Even if the DEA does ultimately move marijuana to Schedule II, that will not resolve the untenable conflict between state and federal law, even regarding medical use. Although Biden said he would "support the legalization of cannabis for medical purposes," that would require FDA approval, which in turn would require an applicant with the resources to meet the agency's requirements. All of that would not matter much if Congress simply repealed the federal ban on marijuana, a step that Biden has steadfastly resisted.
Beyond the immediate practical impact of Sisley's case, it raises important issues regarding federalism and the separation of powers. The CSA itself, insofar as it purports to prohibit activity that never crosses state lines, is an affront to the 10th Amendment that is based on an absurdly broad reading of the Commerce Clause. Its continued treatment of cannabis as contraband and state-licensed marijuana suppliers as felons creates all sorts of risks and headaches for a burgeoning industry that most states view as legitimate.
Worse, the CSA, as currently understood, gives the DEA nearly unlimited discretion to decide which substances should be prohibited or restricted, even when its judgment defies common sense.
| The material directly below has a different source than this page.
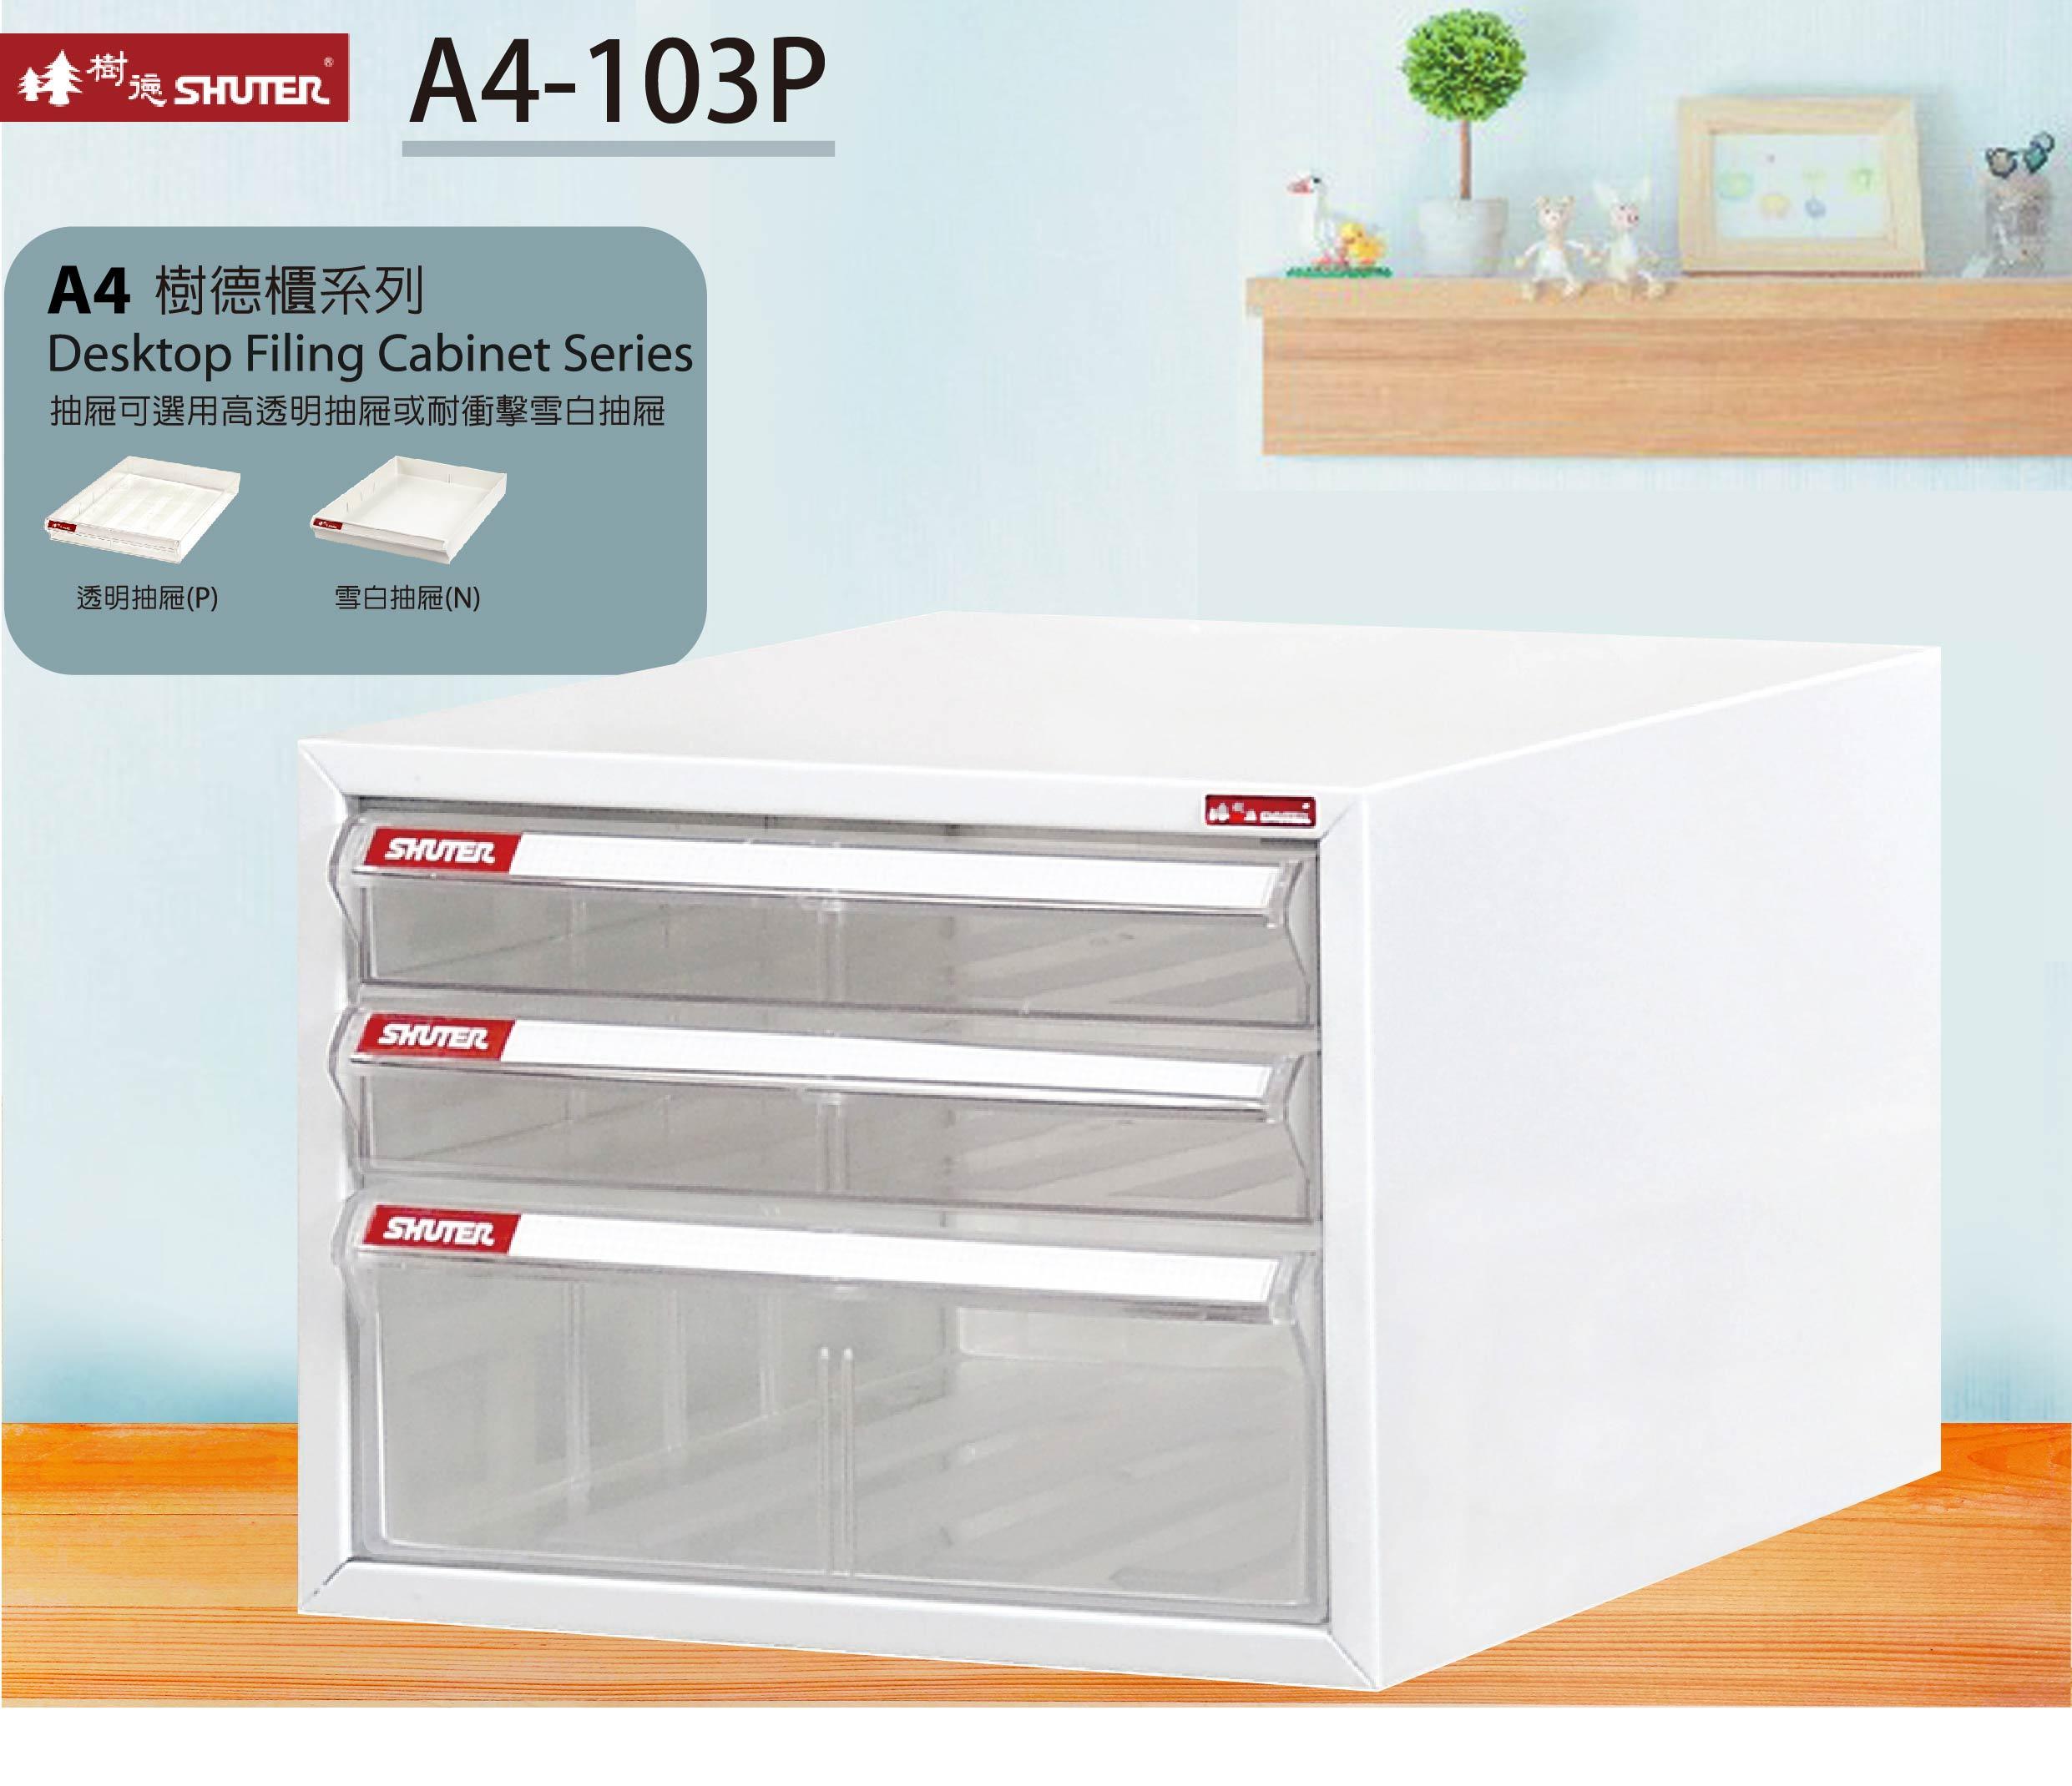 【樹德收納系列】 檔案櫃 文件櫃 收納櫃 效率櫃 桌上型資料櫃 A4-103P

If the puzzle of marijuana's Schedule I status encourages federal courts to reconsider the breadth of that discretion, the implications could extend far beyond this particular plant or drug policy generally. As Justice Neil Gorsuch observed as a 10th Circuit judge, the Chevron doctrine "permit[s] executive bureaucracies to swallow huge amounts of core judicial and legislative power and concentrate federal power in a way that seems more than a little difficult to square with the Constitution of the framers' design."